Refik Anadol (born 1985) is a Turkish-American new media artist and designer. His projects consist of data-driven machine learning algorithms that create abstract, dream-like environments. He lives and works in Los Angeles.

Early life and education 
Anadol was born and raised in Istanbul, Turkey. He received a Bachelor of Arts degree in photography and video and a Master of Fine Arts degree from Bilgi University in Istanbul. After his studies in Turkey, he moved to the United States to attend the Design Media Arts program at the University of California in Los Angeles where he received a second Master of Fine Arts degree. Anadol currently lives in Los Angeles, California, where Refik Anadol Studio and RAS LAB are based. RAS LAB is dedicated to researching and cultivating “new ways to data narratives and artificial intelligence”.

Work 
Anadol started his career creating permanent public art commissions such as the Virtual Depictions (2015) project in San Francisco and the Wind of Boston (2017) data painting in South Boston, both of which used digital data.

Other permanent public art installations are Interconnected (2018), a 2,147 square feet of animated art screen at Charlotte Douglas International Airport, Virtual Applique at the Beverly Center in Los Angeles, or Data Chrystal a large-scale, 3-D printed, A.I. data sculpture installed at the Portland Building in Portland, Oregon.

Further commissions include temporary installations such as the 'Infinity Room' project at the Zorlu Performing Arts Center during the 2015 Istanbul Biennial where he created an immersive environment transforming all surfaces of the room into an abstract infinite moving space. The 'Infinity Room' project was subsequently exhibited at the SXSW in Austin, Texas.

In 2018, Anadol was commissioned to project works onto the Walt Disney Concert Hall, as part of their anniversary celebration, with a 12-minute data sculpture animation named 'WDCH Dreams'. The animation featured an array of digitally abstracted photographs, audio and video recordings found inside concert halls archive.
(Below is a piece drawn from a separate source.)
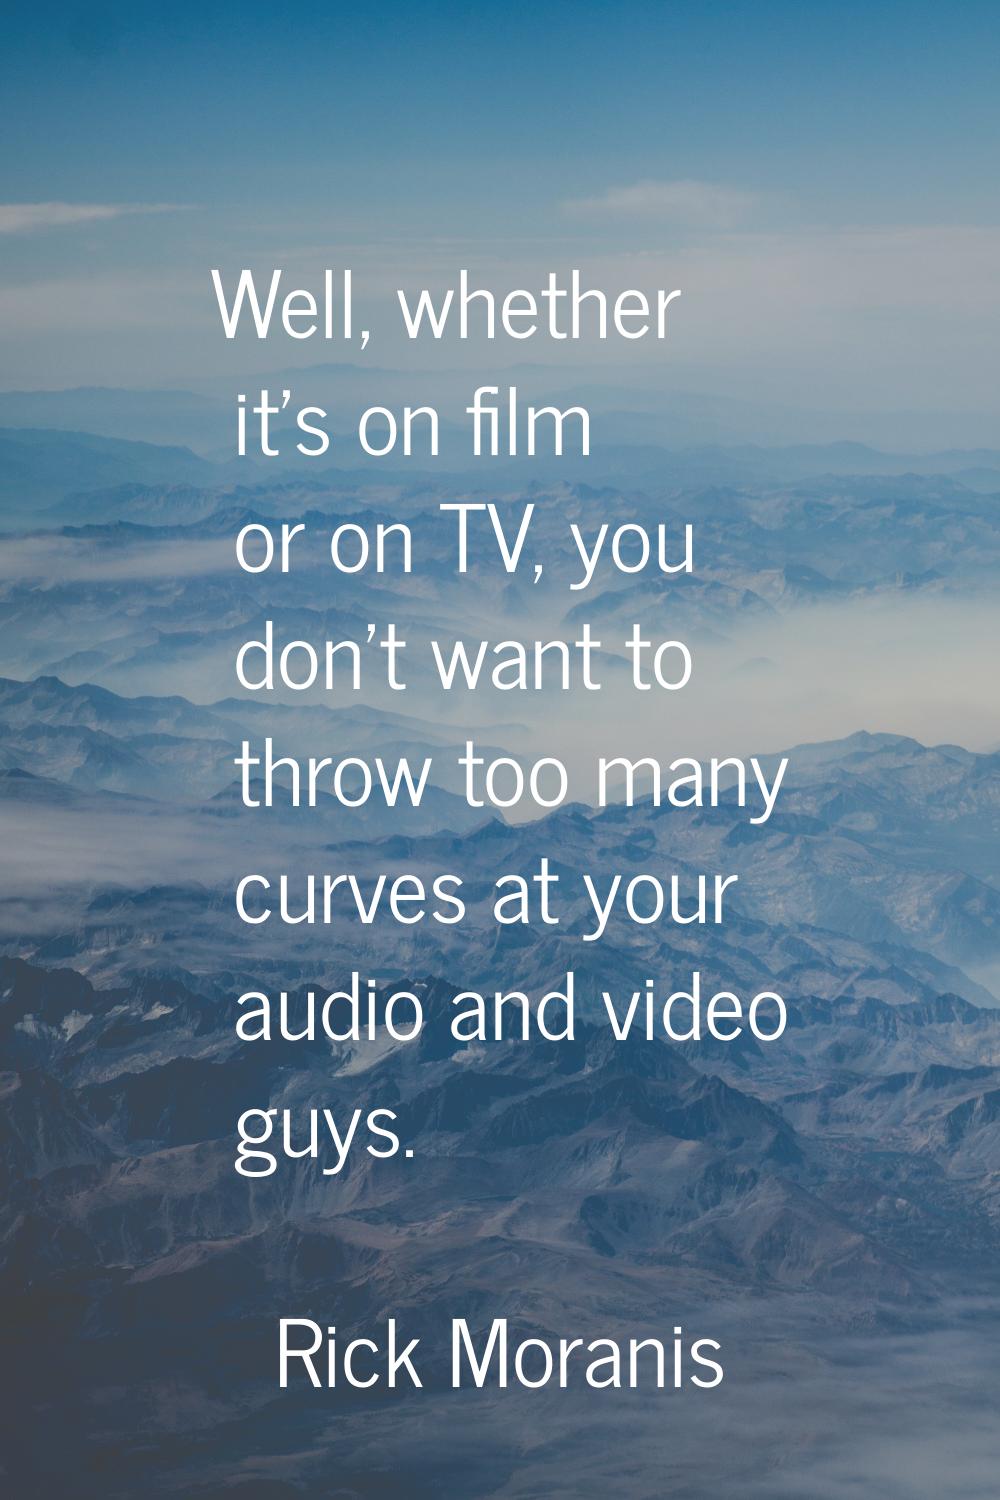 Well, whether it's on film or on TV, you don't want to throw too many curves at your audio and vide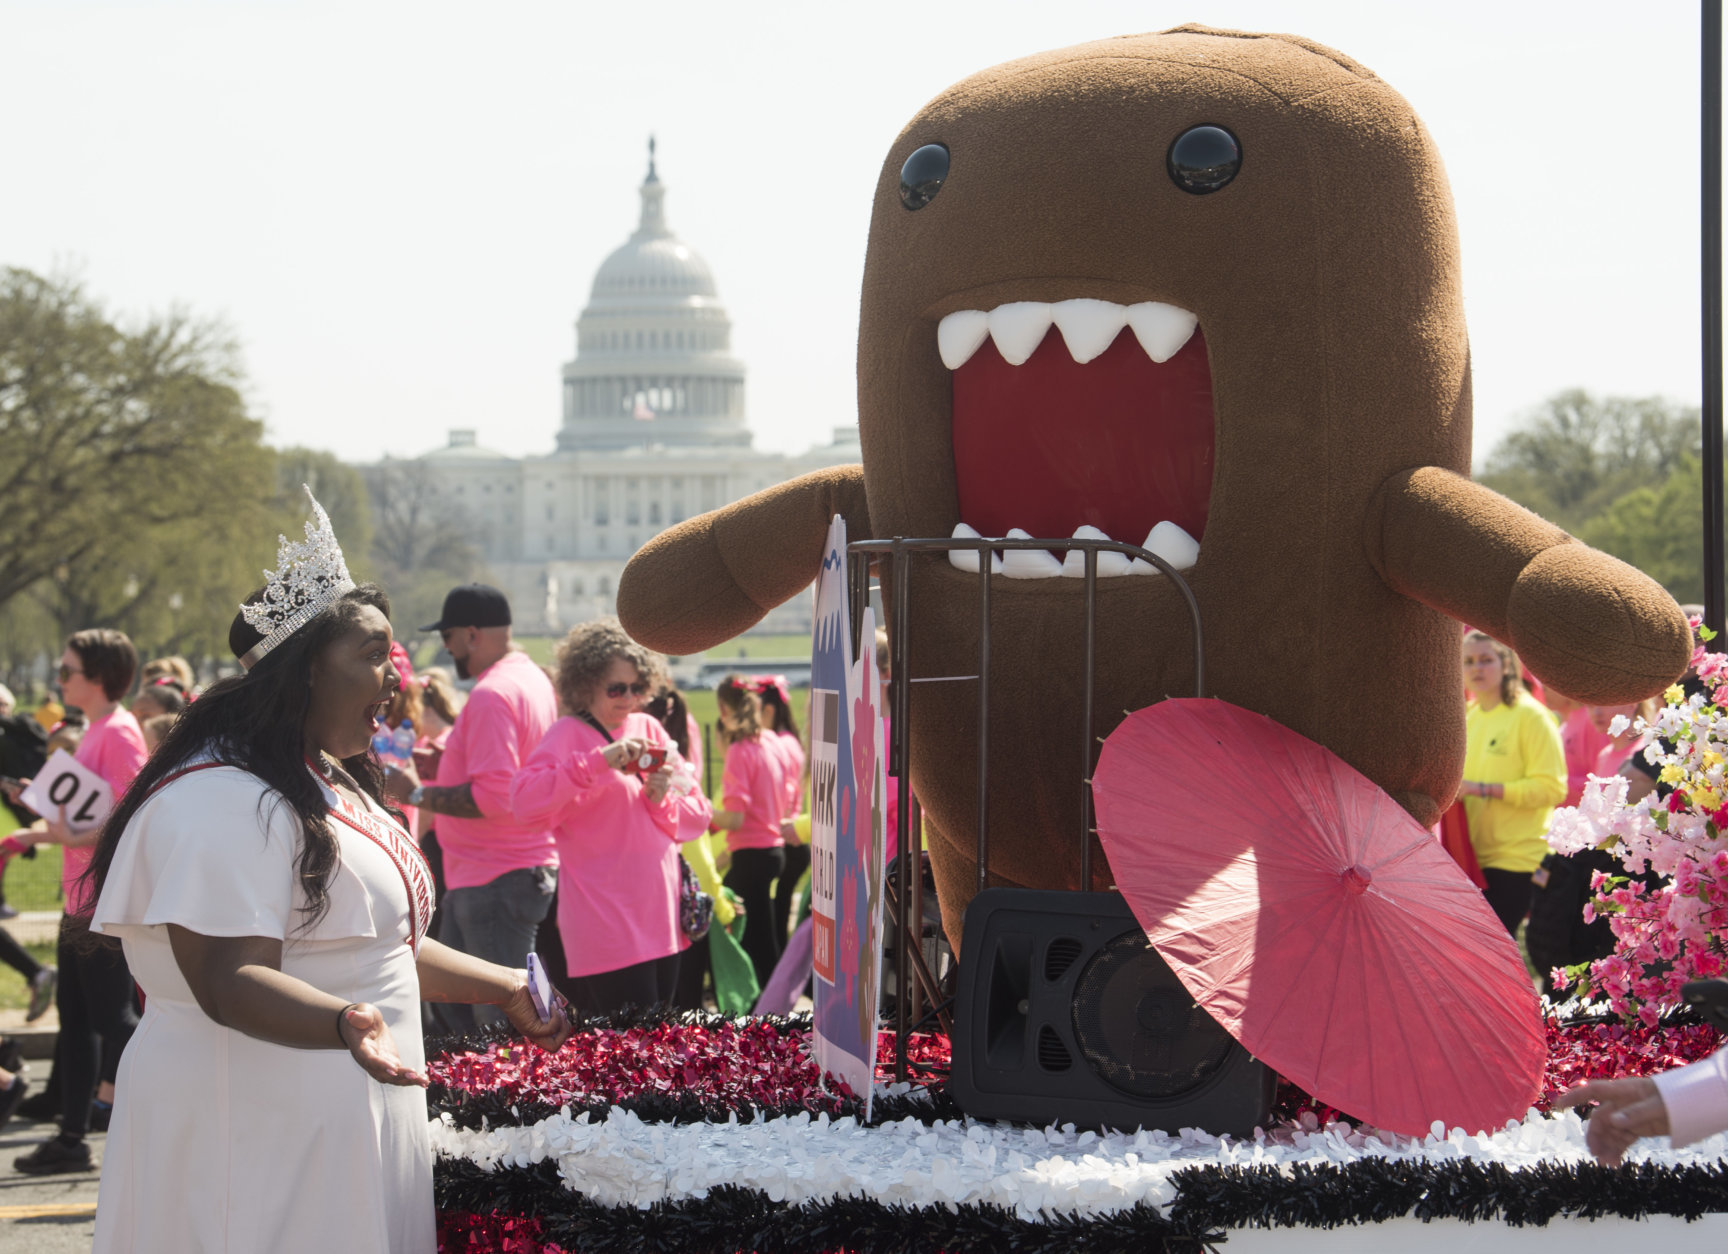 IMAGE DISTRIBUTED NHK WORLD - Miss University of the District of Columbia Tajah Franklin reacts to seeing NHK WORLD-JAPAN's mascot, Domo, at the start of the National Cherry Blossom Festival Parade on Saturday, April 14, 2018 in Washington. (Kevin Wolf/AP Images for NHK World)

In 2019, he designed 'Machine Hallucination' an immersive audiovisual installation, on view at Artechouse, a digital art space in New York's Chelsea Market. The project processed datasets of publicly available images of New York City including over 300 million photos, and 113 million other raw data points. In the same year, Anadol created 'Seoul Haemong', a 16-minute projection onto the Dongdaemun Design Plaza (DDP) building in Seoul, South Korea by architect Zaha Hadid, celebrating the Korean year-end holiday season.

In 2020, his work was part of the Melbourne's NGV Triennial in Australia. His project "Quantum Memories" consisted of a screen measuring 35 ft by 35 ft.

In 2021, Anadol was commissioned by the Pilevneli Gallery in Istanbul to create "Machine Memoirs: Space".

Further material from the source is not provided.